## EXERCISE MATERIALS
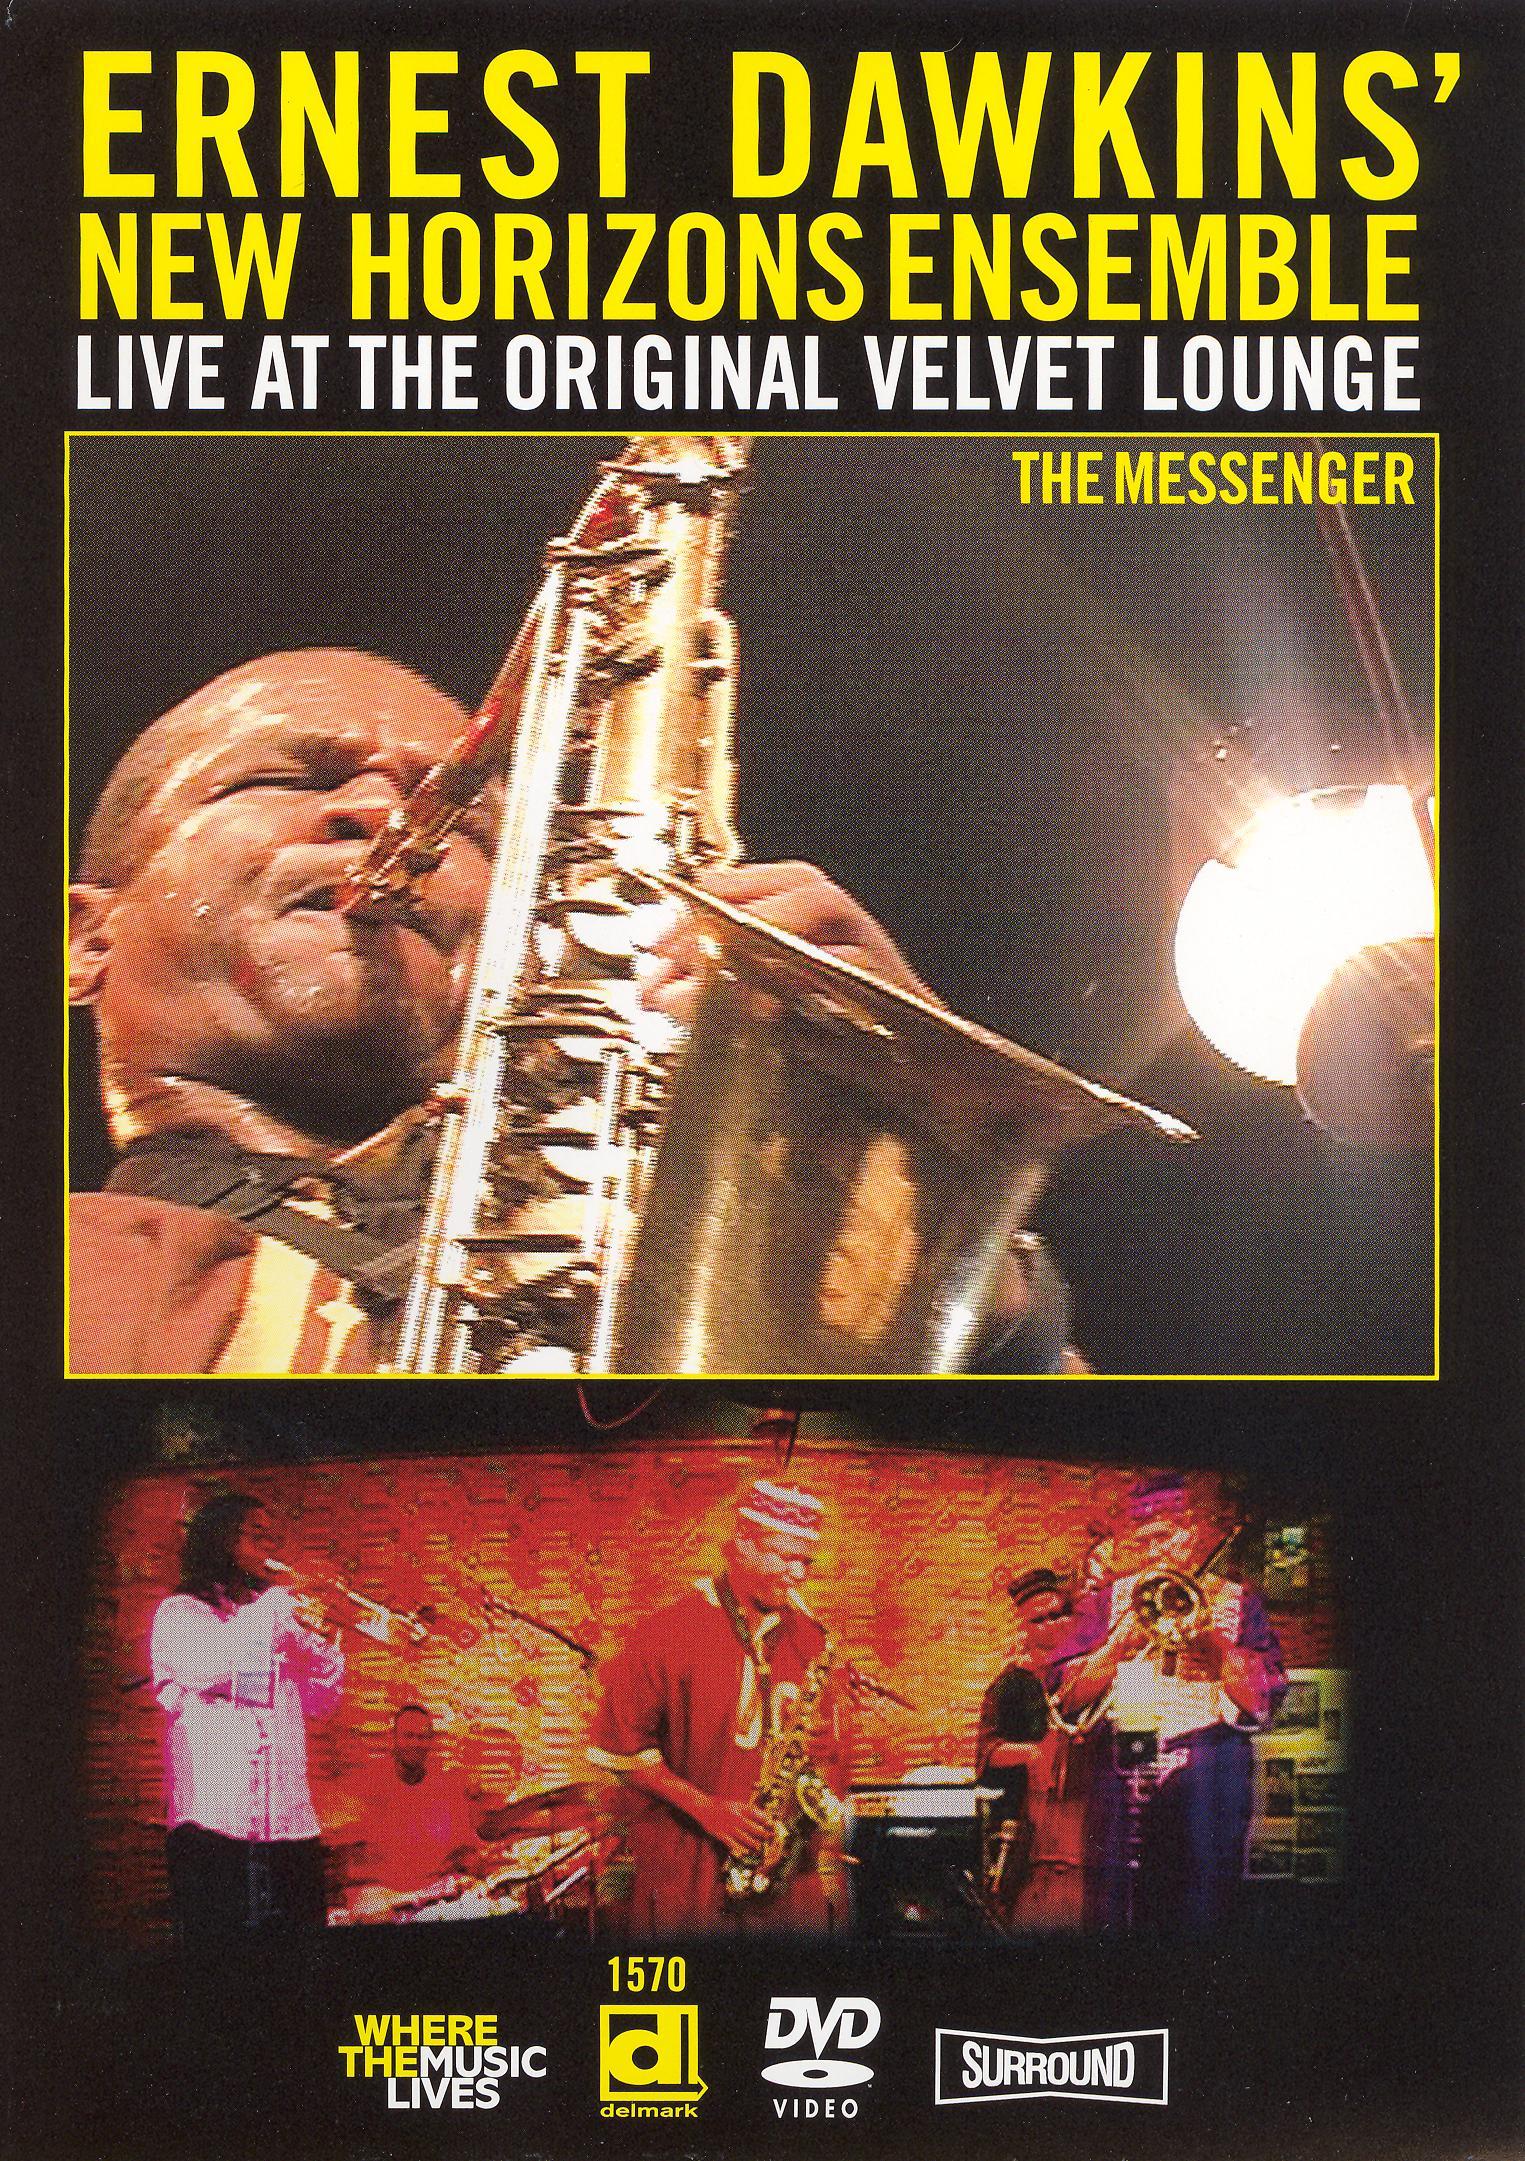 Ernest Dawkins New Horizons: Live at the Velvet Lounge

* * *

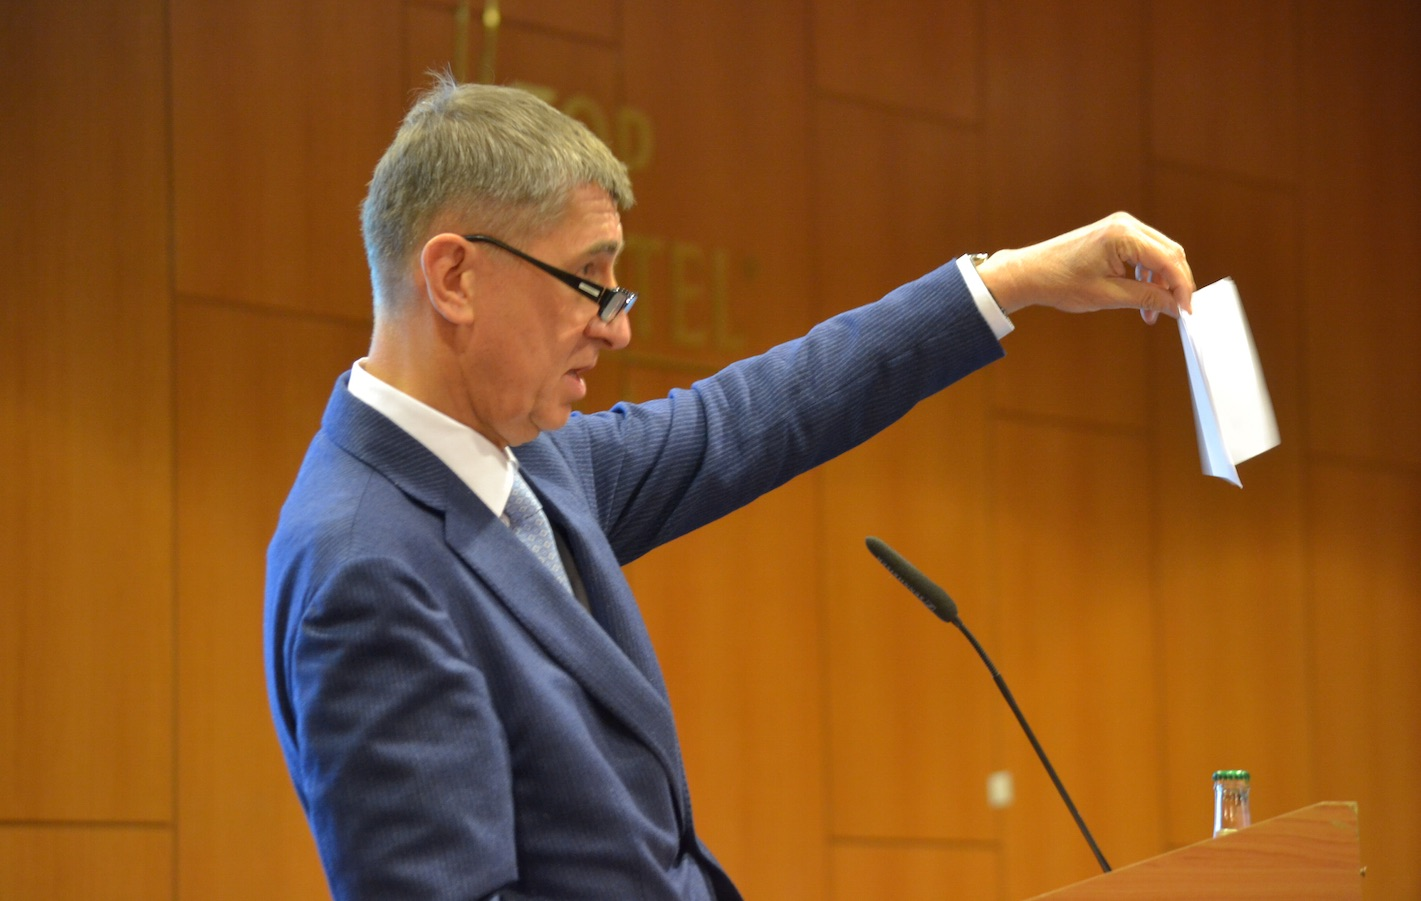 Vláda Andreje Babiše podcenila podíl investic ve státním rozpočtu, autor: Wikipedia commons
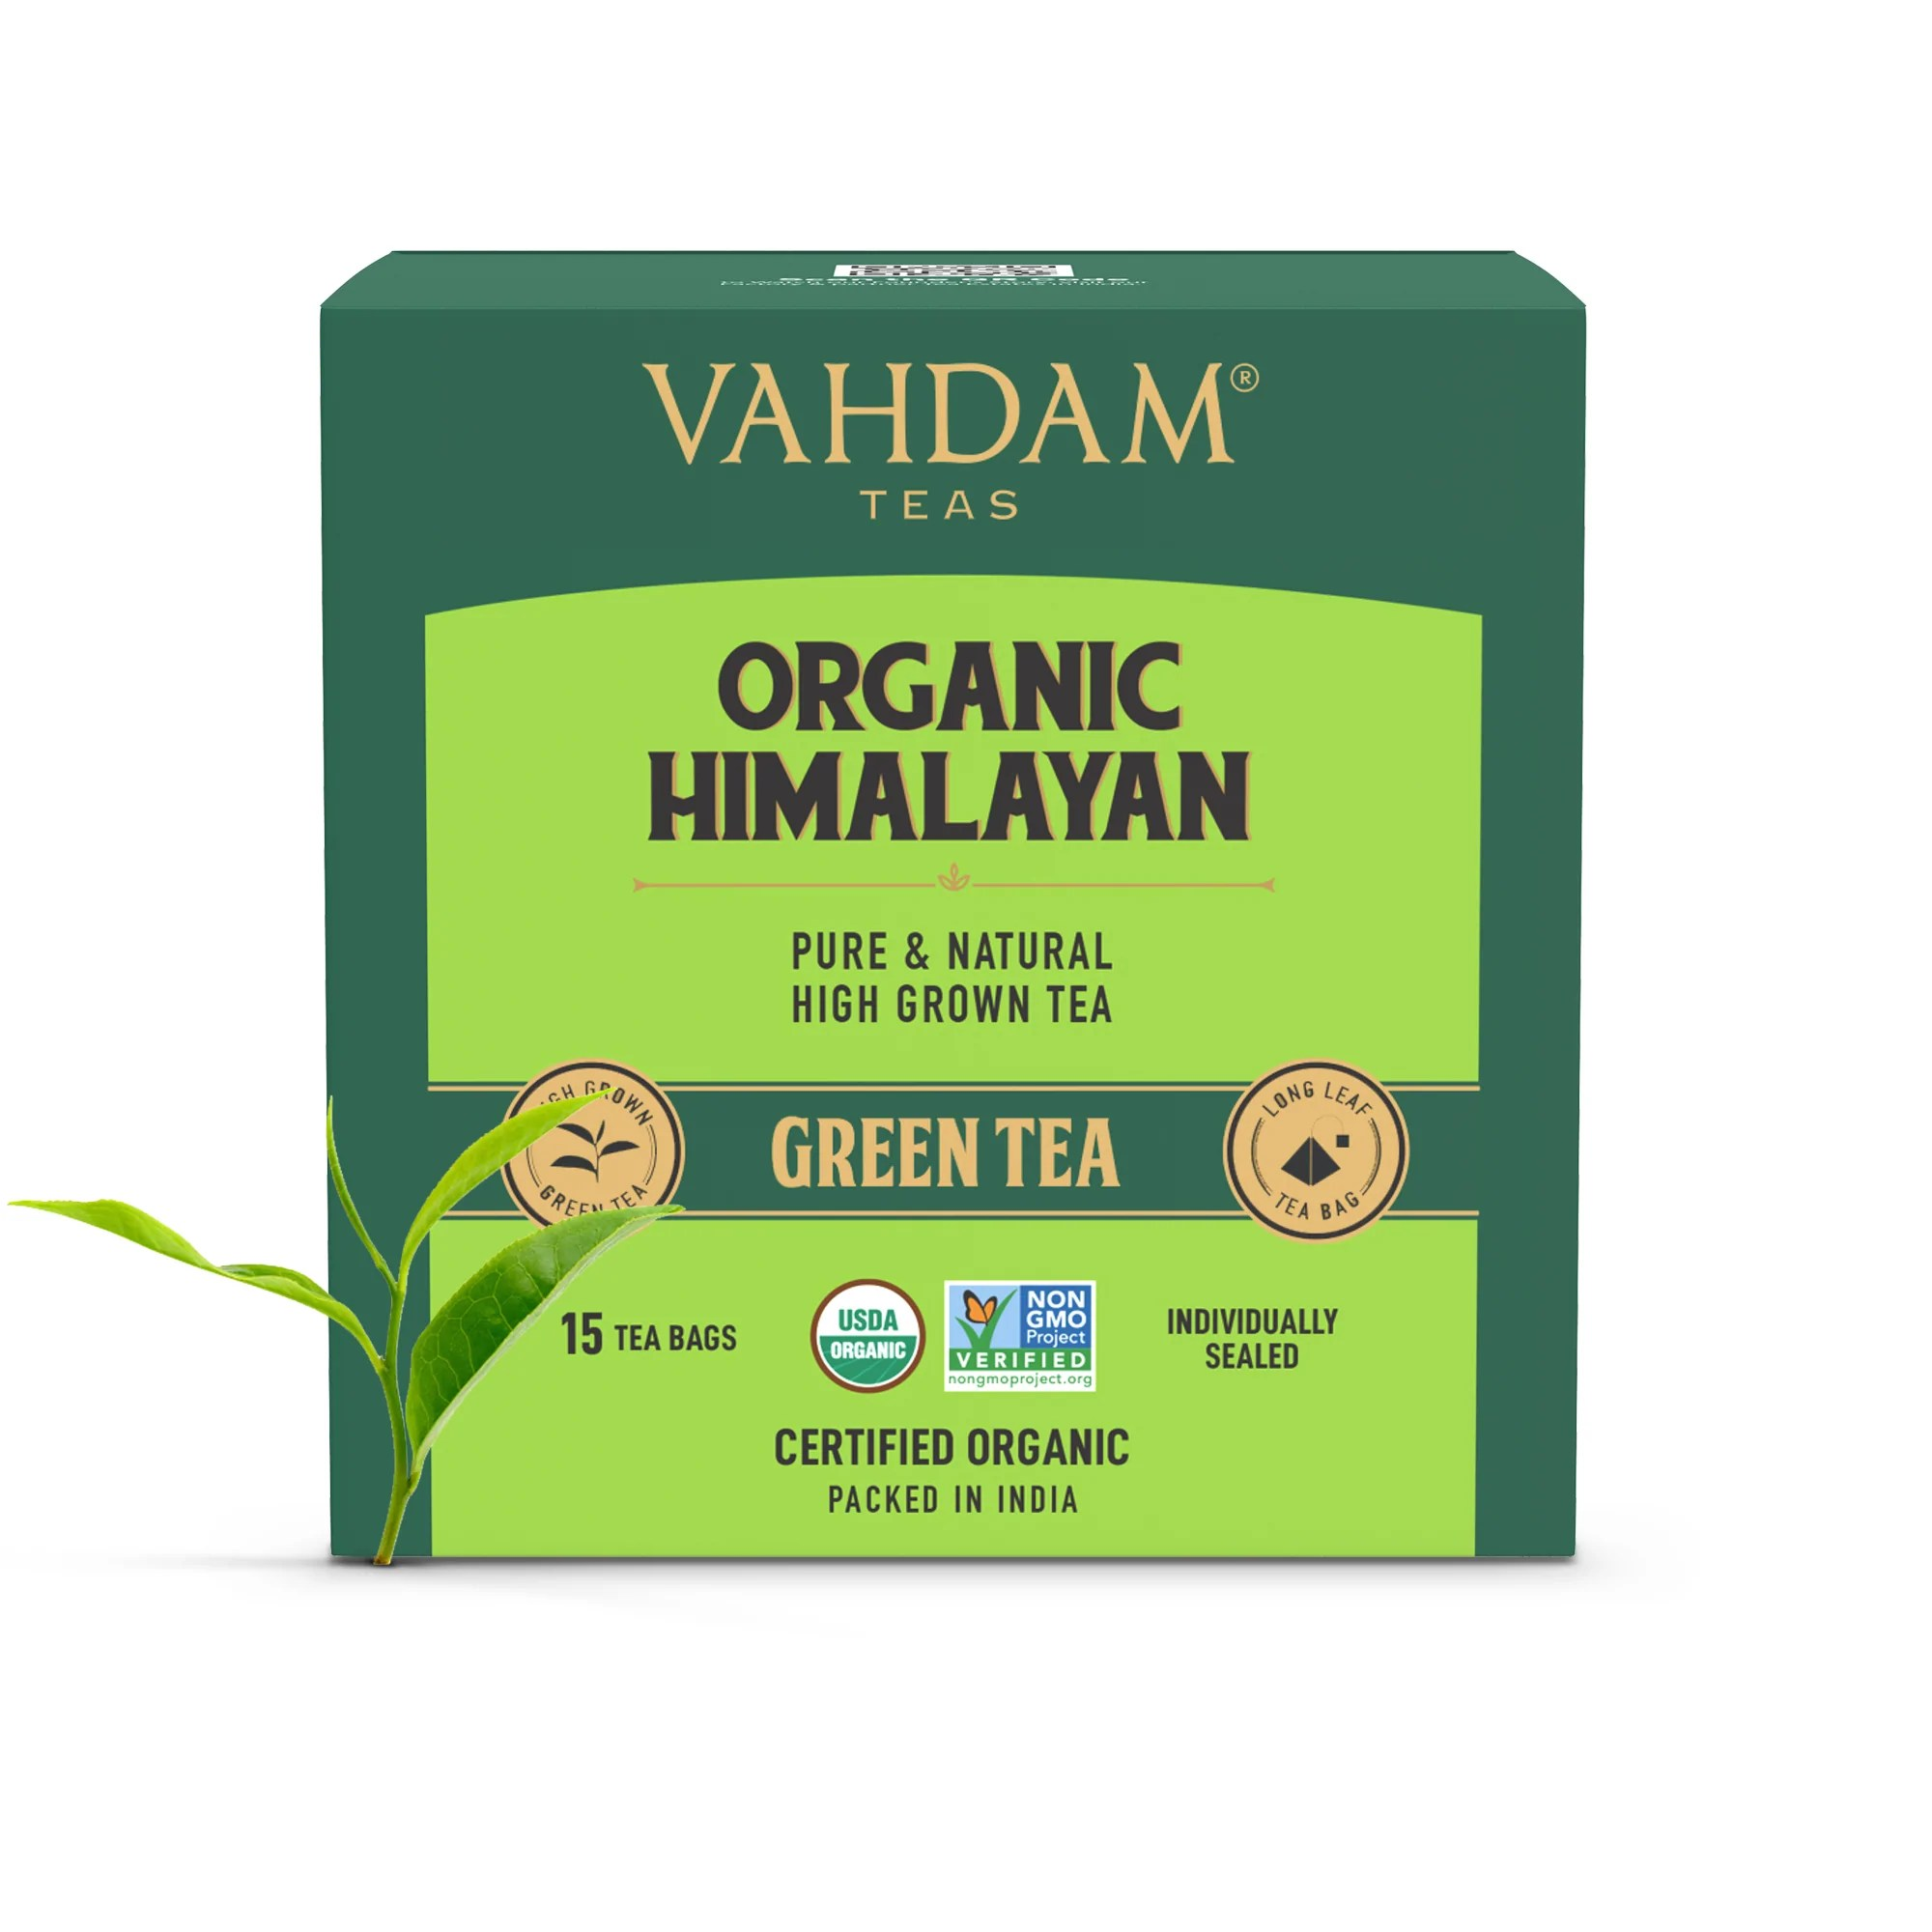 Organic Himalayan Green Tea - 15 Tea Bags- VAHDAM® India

## WHAT TO DO
Only the lines of the listing above from the one with "Vláda Andreje Babiše" through the one with "Organic Himalayan Green" should be output, exactly, with both ends kept and pictures left out.

## TASK RESULT
 Vláda Andreje Babiše podcenila podíl investic ve státním rozpočtu, autor: Wikipedia commons
 Organic Himalayan Green Tea - 15 Tea Bags- VAHDAM® India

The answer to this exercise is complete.